■ Dataset content ■
▼
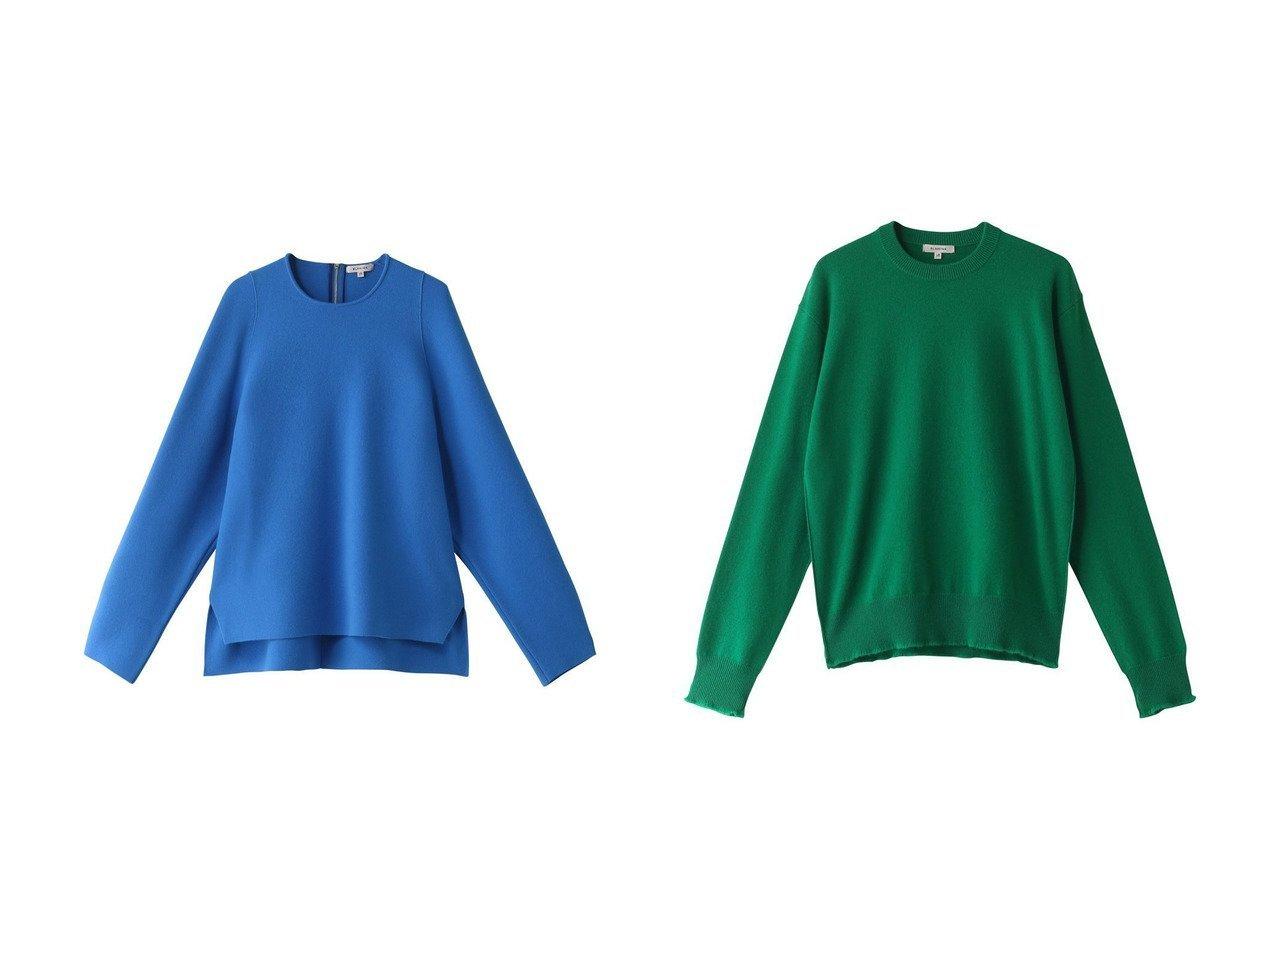 【BLAMINK/ブラミンク】のカシミヤ12GクルーネックロングスリーブW&ウールカシミヤ12Gクルーロングスリーブ トップス・カットソーのおすすめ!人気、レディースファッションの通販 おすすめで人気のファッション通販商品 インテリア・家具・キッズファッション・メンズファッション・レディースファッション・服の通販 founy(ファニー) https://founy.com/ ファッション Fashion レディース WOMEN トップス Tops Tshirt ニット Knit Tops プルオーバー Pullover カシミヤ シンプル バランス フォルム ボトム |ID:crp329100000001909
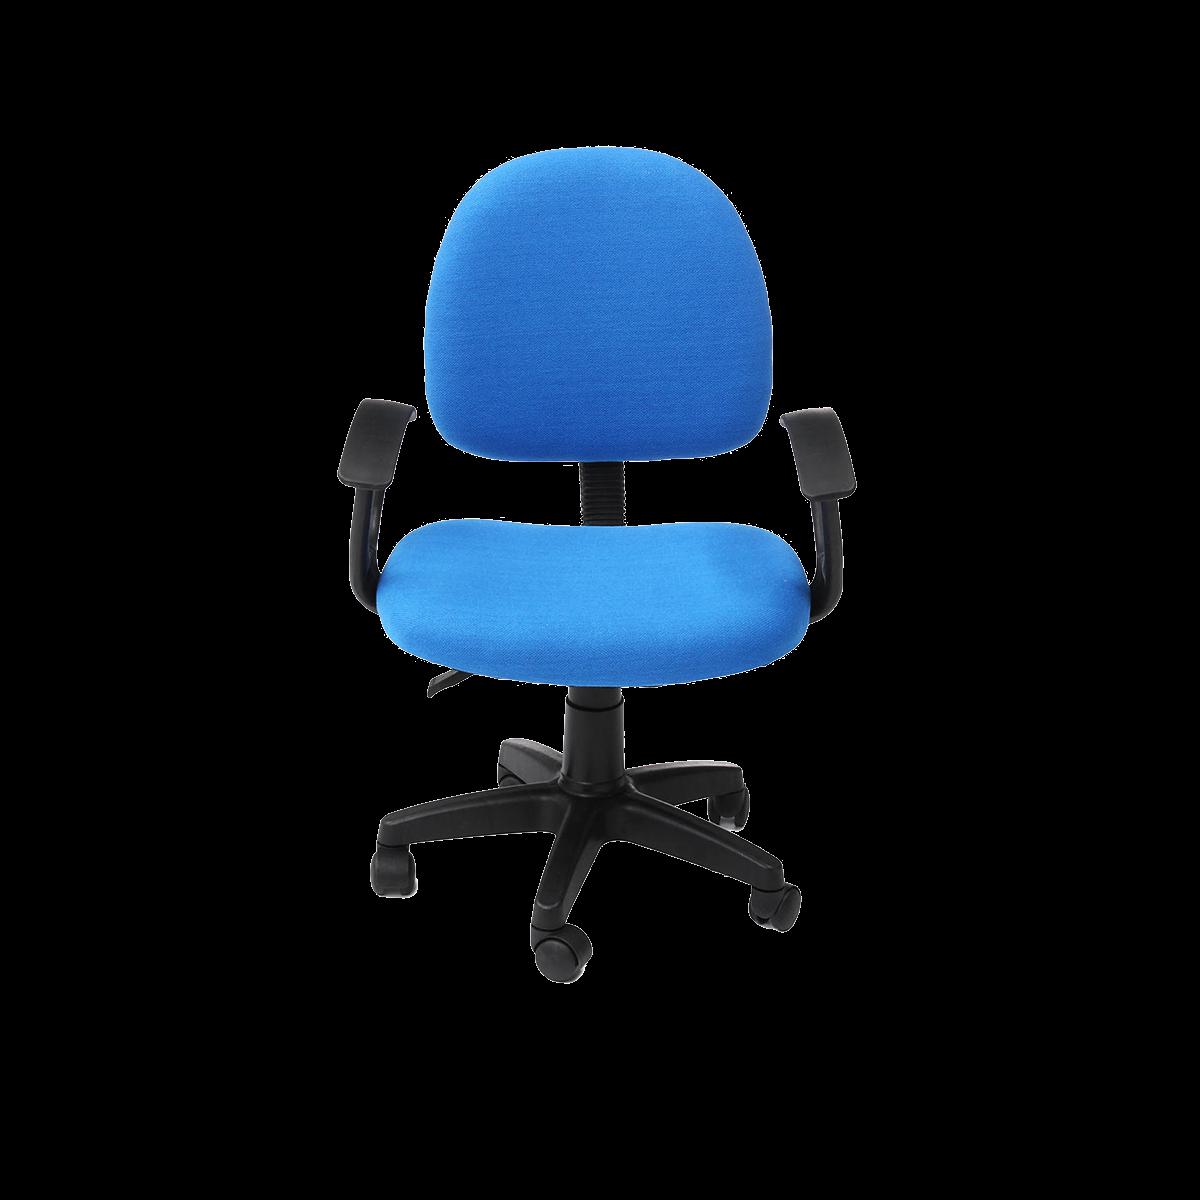 Rotary chairs
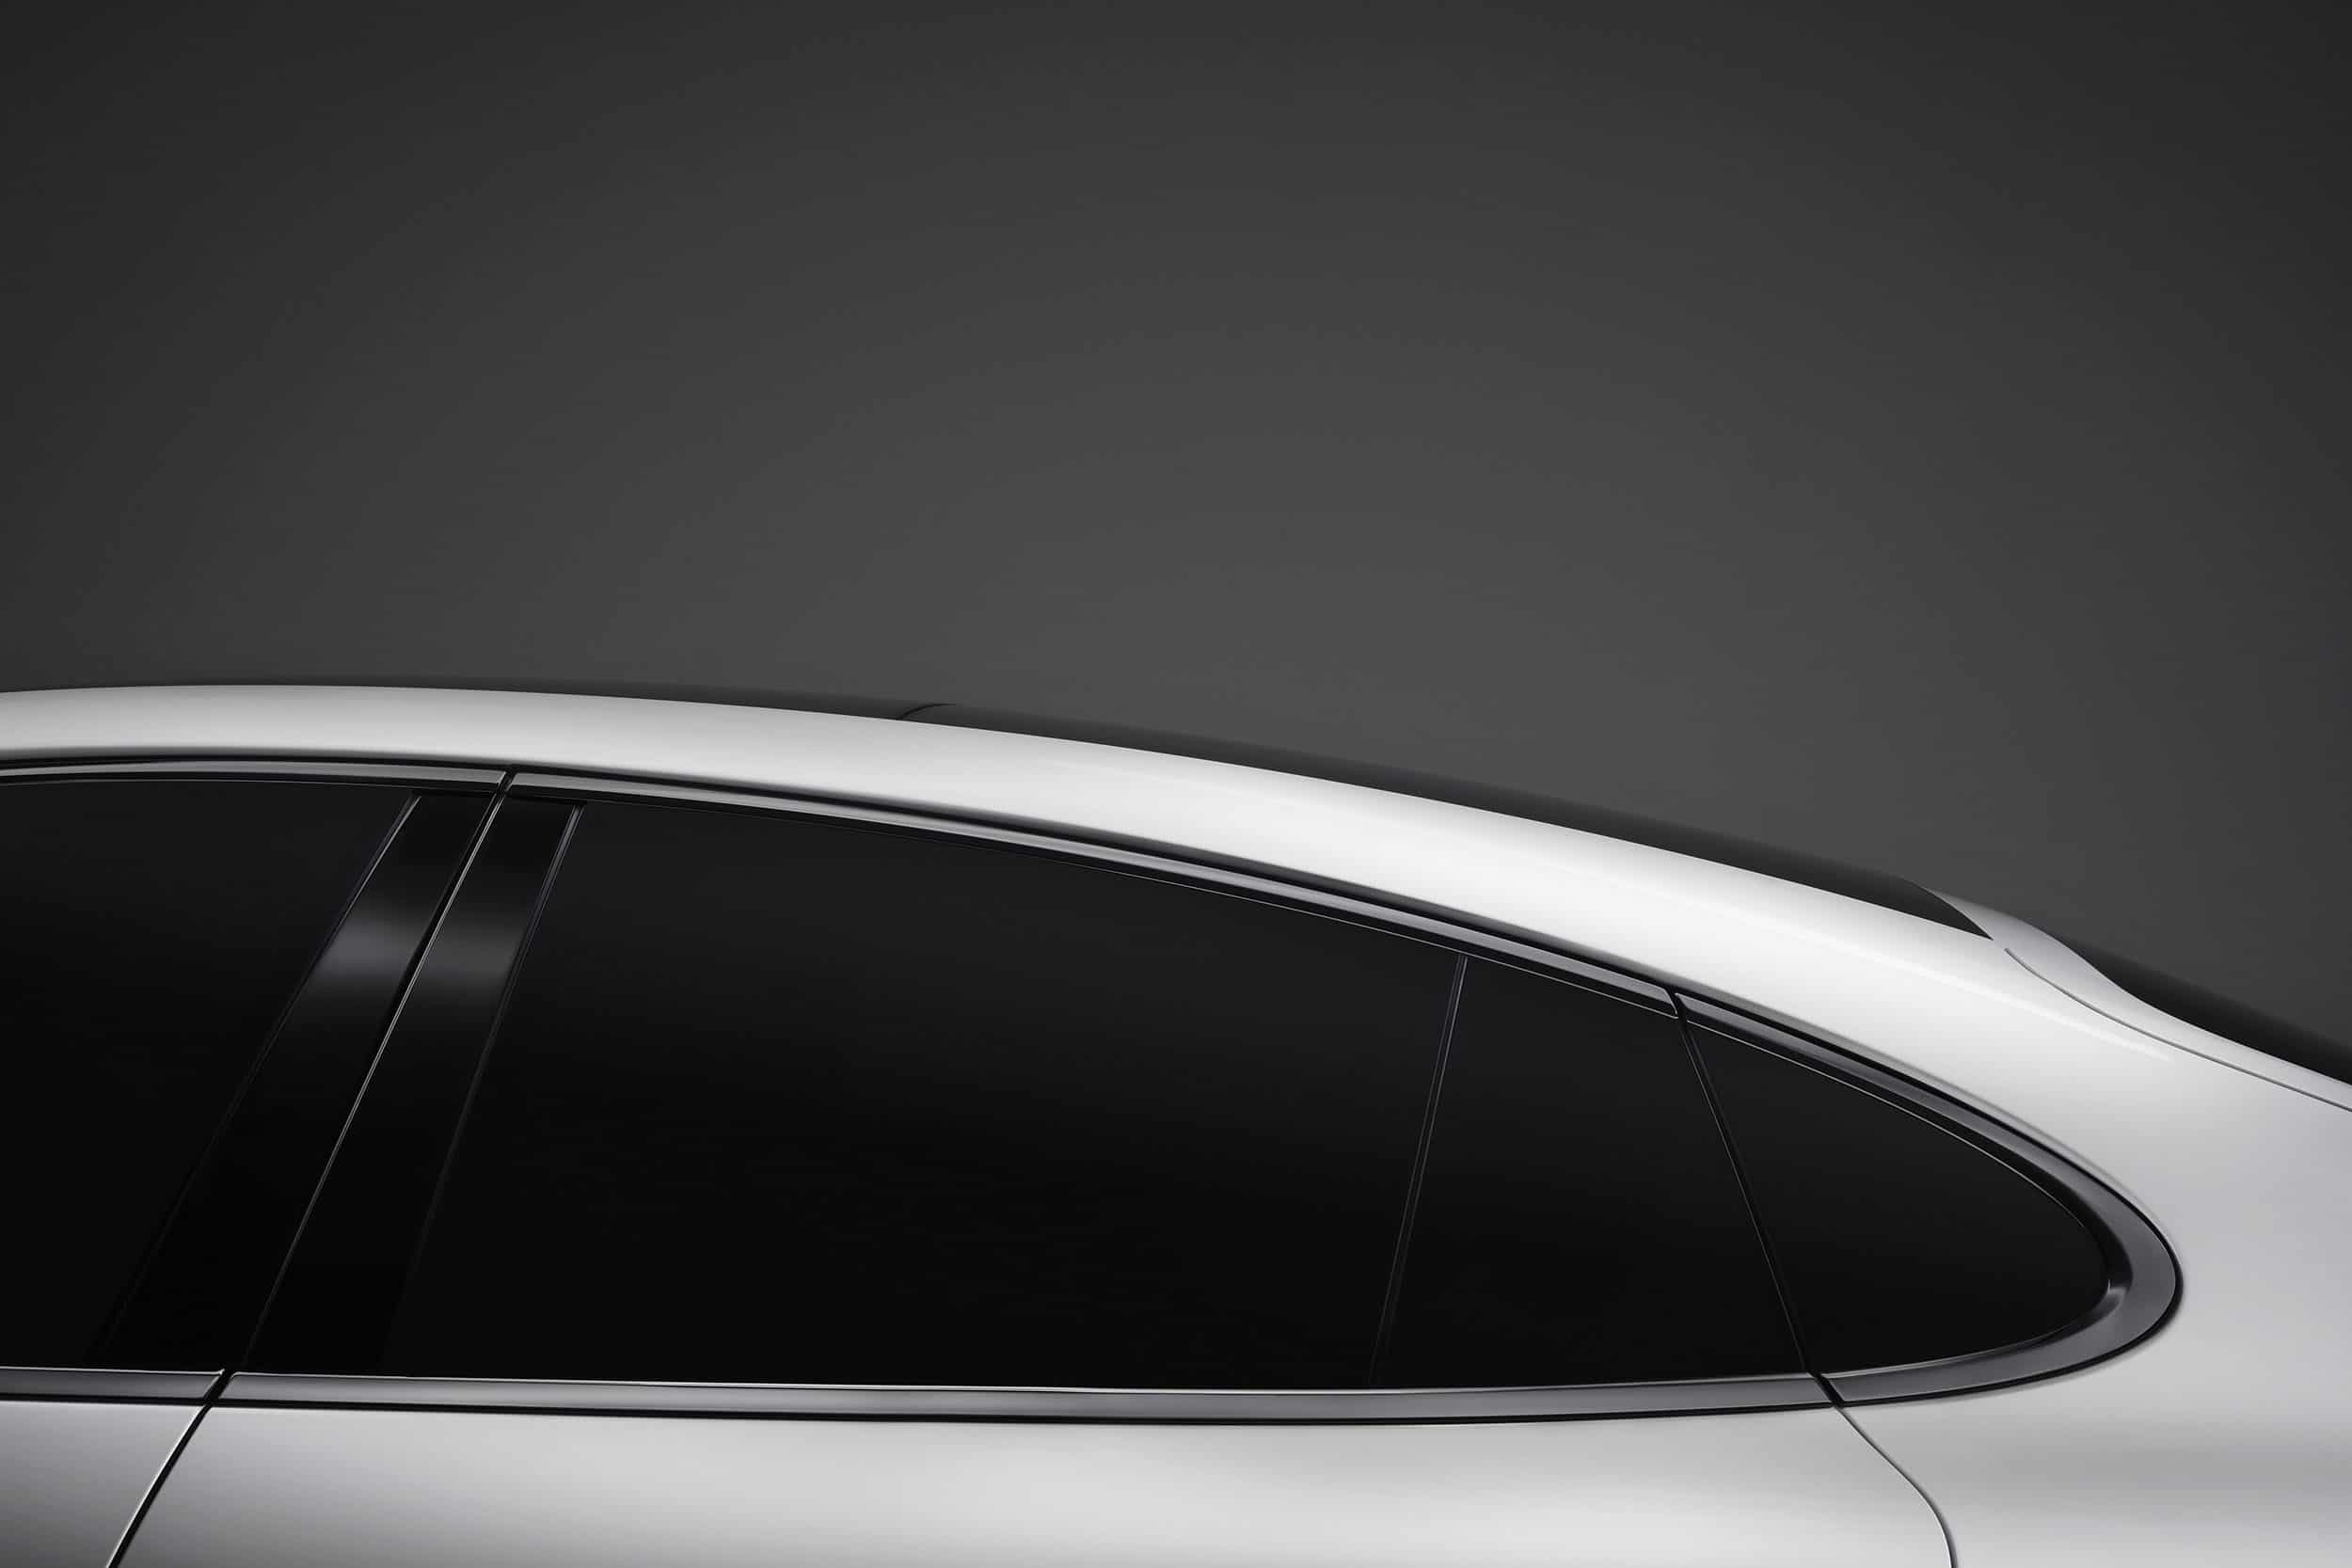 studio-ignatov-wkw-automotive-imagekampagne-bw-12
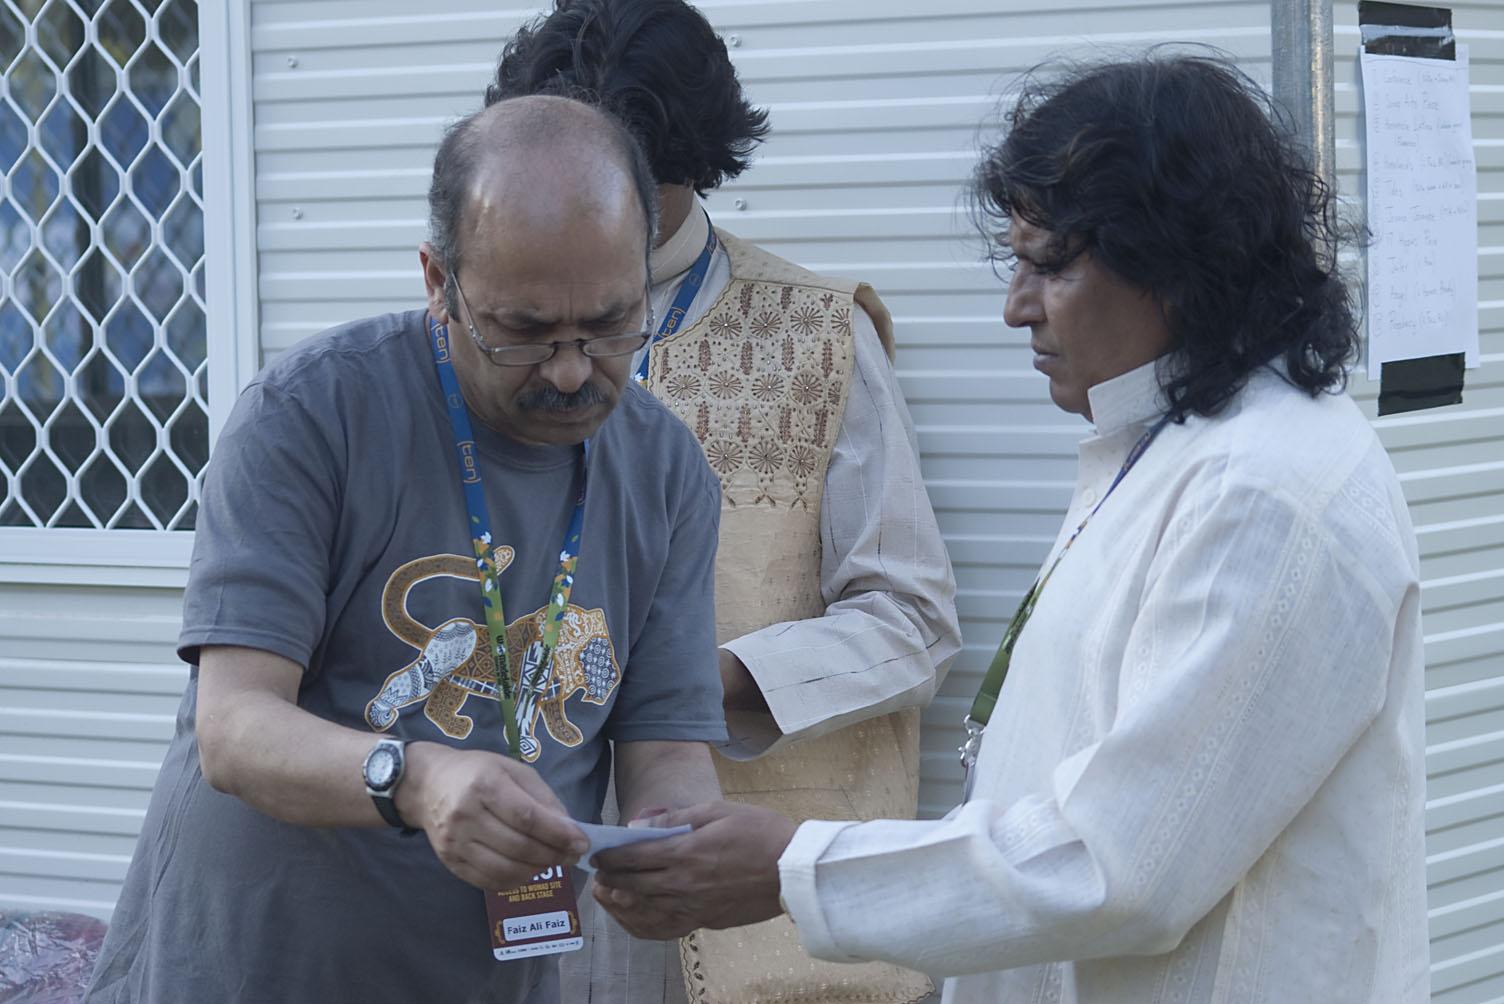 WOMADelaide_All-Star_Gala_set-up_20110314_16_Yasser_Nomann_+_Faiz_Ali.jpg
▲
■ What you will do ■
Restate the material word for word from its first line through the line containing "Rotary chairs", both included; the pictures do not belong in it.

■ Written answer ■
 【BLAMINK/ブラミンク】のカシミヤ12GクルーネックロングスリーブW&ウールカシミヤ12Gクルーロングスリーブ トップス・カットソーのおすすめ!人気、レディースファッションの通販 おすすめで人気のファッション通販商品 インテリア・家具・キッズファッション・メンズファッション・レディースファッション・服の通販 founy(ファニー) https://founy.com/ ファッション Fashion レディース WOMEN トップス Tops Tshirt ニット Knit Tops プルオーバー Pullover カシミヤ シンプル バランス フォルム ボトム |ID:crp329100000001909
 Rotary chairs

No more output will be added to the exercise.